Matt Preston

Personal information
- Full name: Matthew Eric Preston
- Date of birth: 16 March 1995 (age 31)
- Place of birth: Birmingham, England
- Height: 1.89 m (6 ft 2 in)
- Position: Centre-back

Team information
- Current team: Halesowen Town

Youth career
- 0000–2014: Walsall

Senior career*
- Years: Team / Apps / (Gls)
- 2014–2017: Walsall / 41 / (3)
- 2014: → ÍBV (loan) / 0 / (0)
- 2014: → Barwell (loan) / 12 / (1)
- 2017–2018: Swindon Town / 21 / (2)
- 2018–2020: Mansfield Town / 61 / (4)
- 2020–2021: Barnet / 15 / (0)
- 2021–2023: Solihull Moors / 7 / (0)
- 2022: → Kidderminster Harriers (loan) / 6 / (0)
- 2023: → Brackley Town (loan) / 9 / (0)
- 2023–2024: Kidderminster Harriers / 18 / (1)
- 2024–2026: Hereford / 70 / (3)
- 2026–: Halesowen Town / 0 / (0)

= Matt Preston (footballer) =

English footballer (born 1995)

Matthew Eric Preston (born 16 March 1995) is an English footballer who plays as a centre-back for club Halesowen Town.

==Career==
===Walsall===
Preston was captain of the Walsall youth team when he signed an 18-month professional contract with Walsall in January 2013.

In January 2014 he joined up with Icelandic side ÍBV—managed by former Walsall player Sigurður Ragnar Eyjólfsson—on loan. He played in a 2–1 loss against Stjarnan in a pre-season tournament, but was not taken on by ÍBV and subsequently returned to Walsall. After his brief spell in Iceland, Preston spent two-months on loan at Northern Premier League side Barwell making twelve appearances and scoring one goal. He made his debut for the "Saddlers" in the Football League on 10 February 2015, coming on for Michael Cain 89 minutes into a 3–2 victory over Rochdale at the Bescot Stadium.

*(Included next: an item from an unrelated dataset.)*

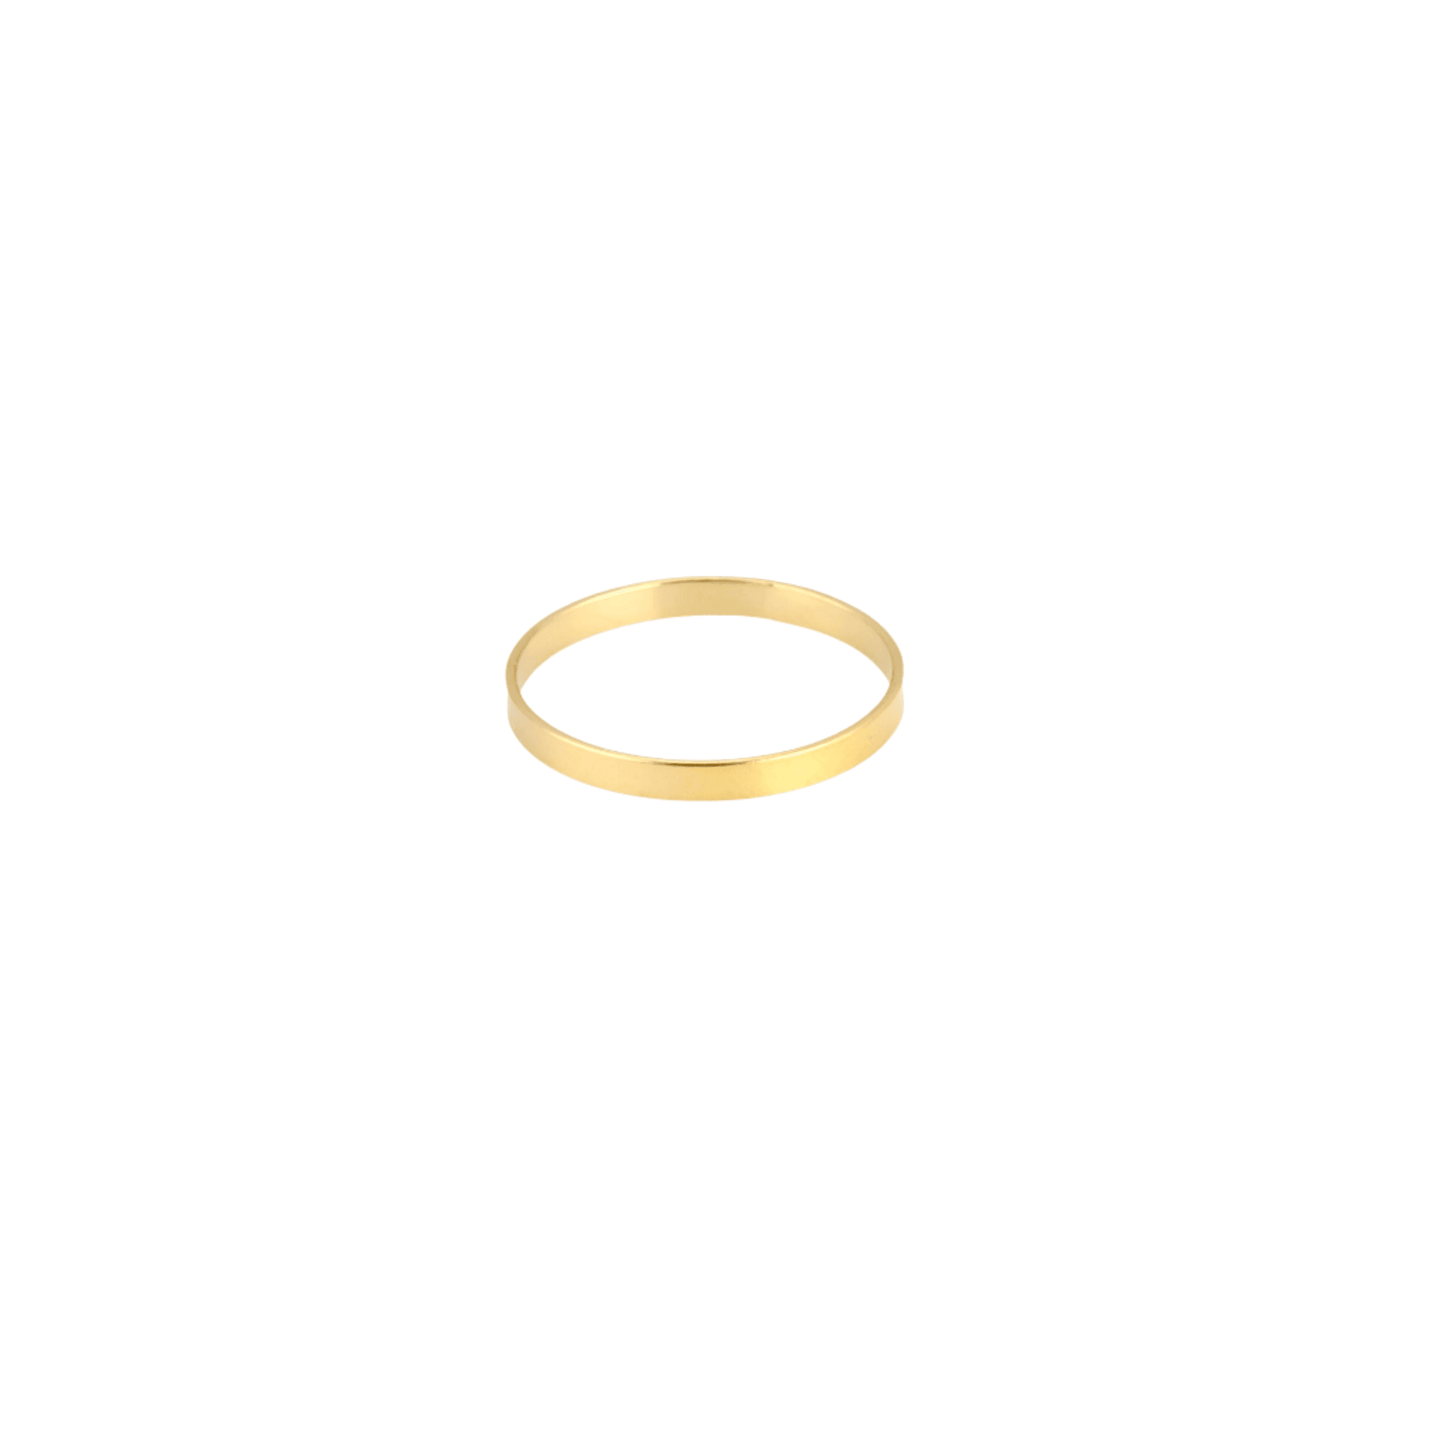 Maeve 2.3 mm Stacker Band Ring - MILANA JEWELRY

Preston's contract with Walsall expired at the end of the 2016–17 season.

===Swindon Town===
Following his release from Walsall, Preston joined Swindon Town in September 2017, on a deal until the end of the campaign.

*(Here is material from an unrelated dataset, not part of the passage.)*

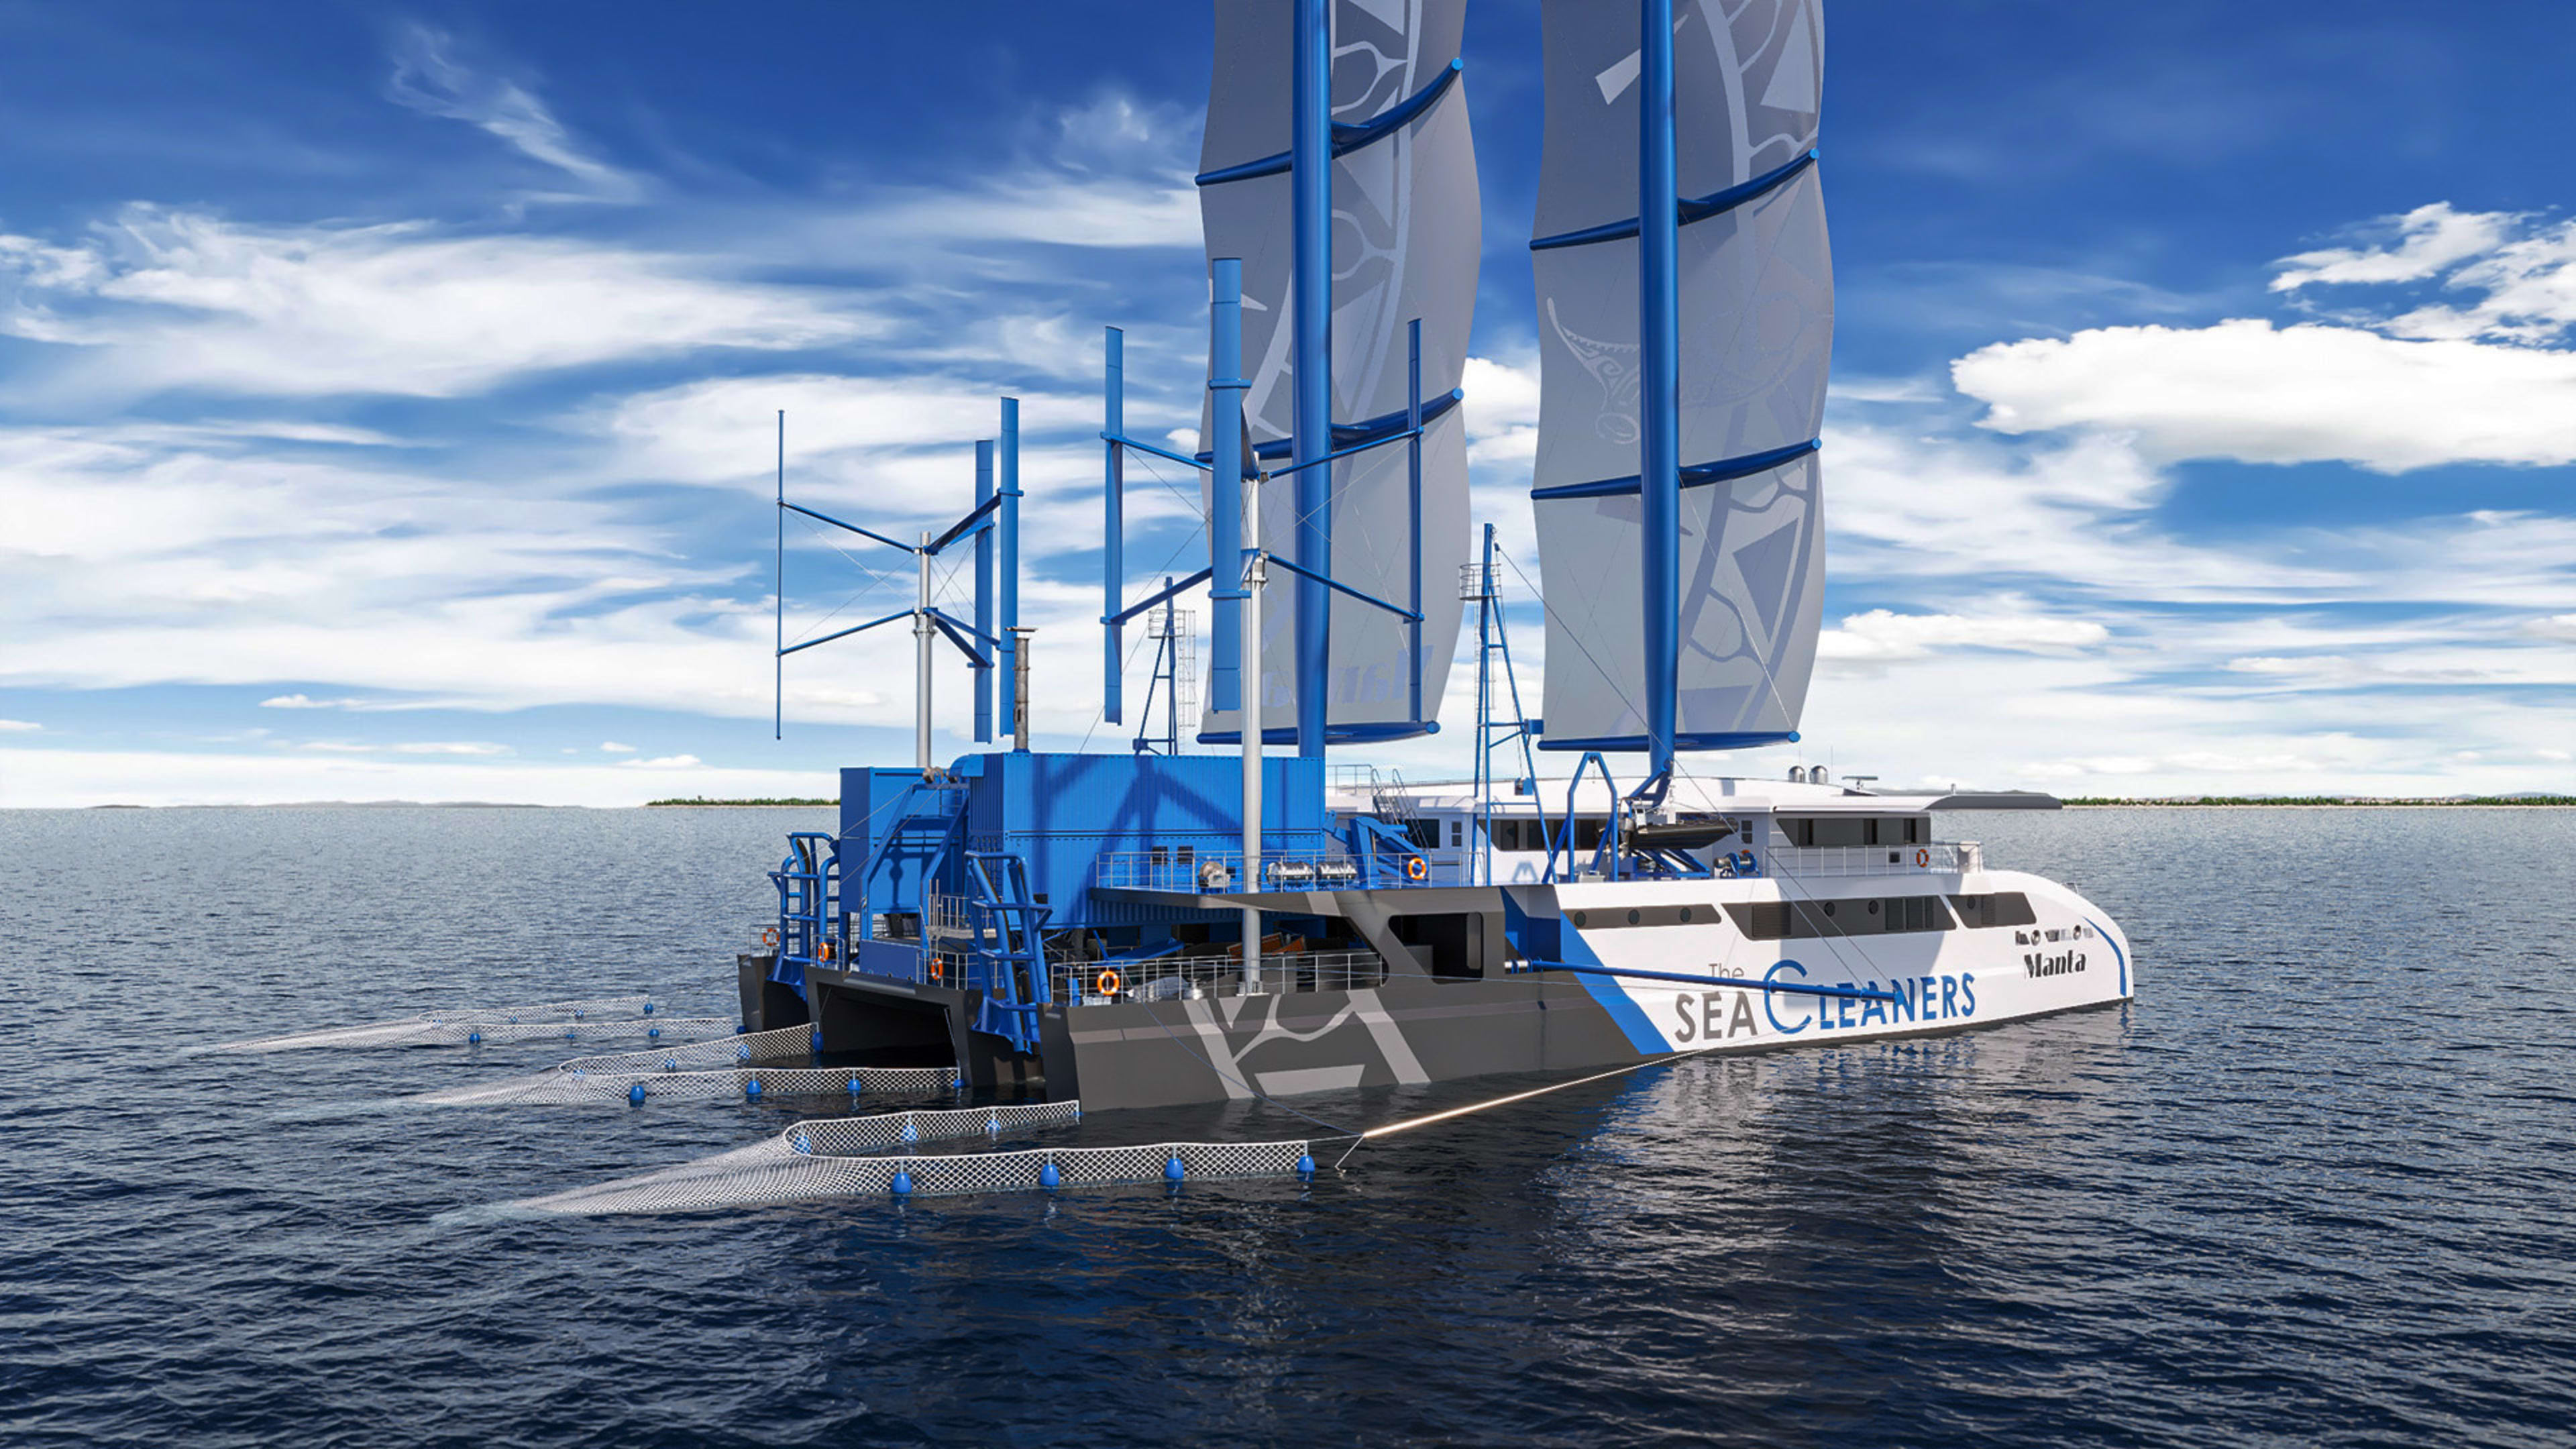 This boat powers itself with the ocean plastic it collects as it sails

On 30 September 2017, he made his Swindon debut during their 2–0 home victory against Cambridge United, featuring for the entire 90 minutes. A week later, Preston scored his first Swindon goal during their 2–1 away defeat against Cheltenham Town, netting the Robins' equaliser in the 53rd minute. On 31 October 2017, he went onto score the winner in Swindon's EFL Trophy tie against Wycombe Wanderers, netting in the 88th minute. During Swindon's 1–0 victory over Mansfield Town, Preston suffered a serious knee injury ruling him out for the remainder of the 2017–18 campaign.

===Mansfield Town===
On 29 May 2018, Preston reunited with former manager, David Flitcroft at Mansfield Town after rejecting a new three-year deal at Swindon. He was released by Mansfield at the end of the 2019–20 season.

===Barnet===
Preston signed for Barnet on 1 October 2020. He left the club by mutual consent in July 2021 after 16 appearances.

===Solihull Moors===
Preston joined Solihull Moors on a two-year deal on 20 July 2021.

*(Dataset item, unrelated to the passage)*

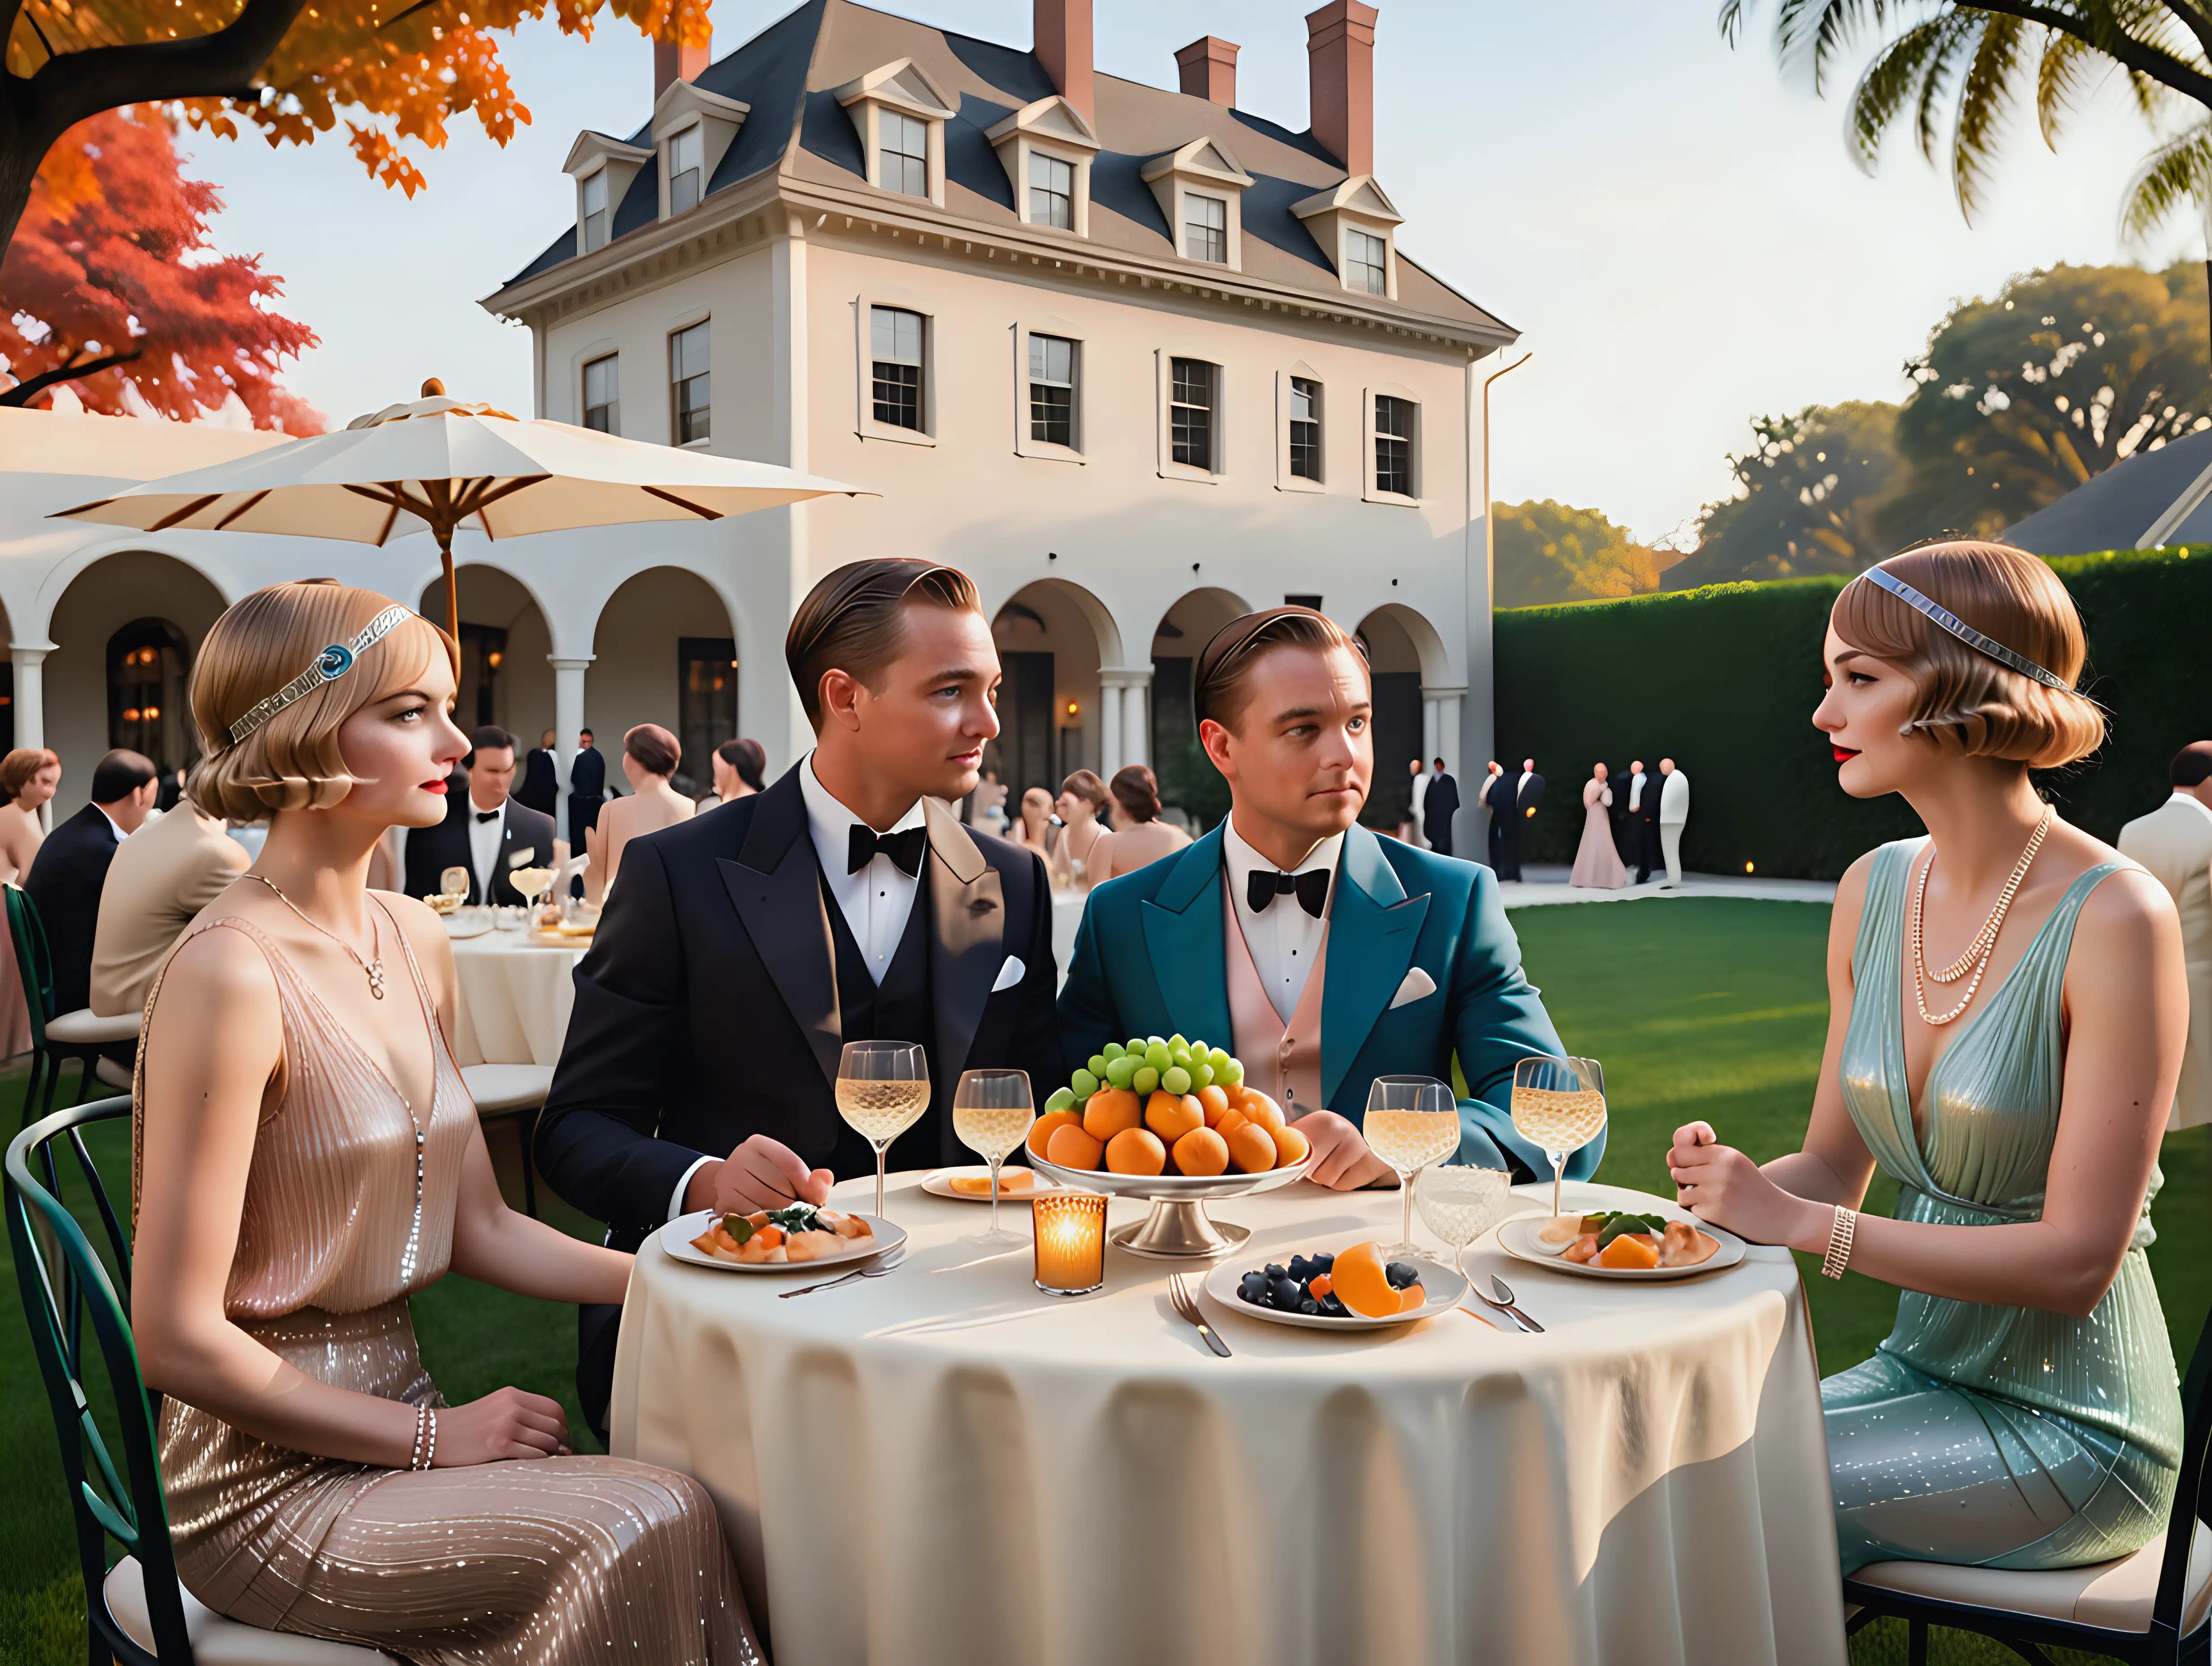 great Gatsby outdoor  dinner  small round table  2  men and 2 women Maison in background

====Kidderminster Harriers (loan)====

In January 2022, Preston joined National League North side Kidderminster Harriers on a two-month loan deal.

On 5 February 2022, he played in the Harriers' 4th round FA Cup tie against Premier League side West Ham United, where he was awarded the BBC Man of the Match award by pundit Dion Dublin.

Preston's loan spell was cut short on 19 February 2022, after receiving a serious ankle injury from a tackle against Alfreton Town. The match itself ended up being abandoned due to the injury.

====Brackley Town (loan)====

On 21 March 2023, Preston joined National League North side Brackley Town to help with the promotion run. He helped Brackley Town all the way to the final before losing out to former side Kidderminster Harriers.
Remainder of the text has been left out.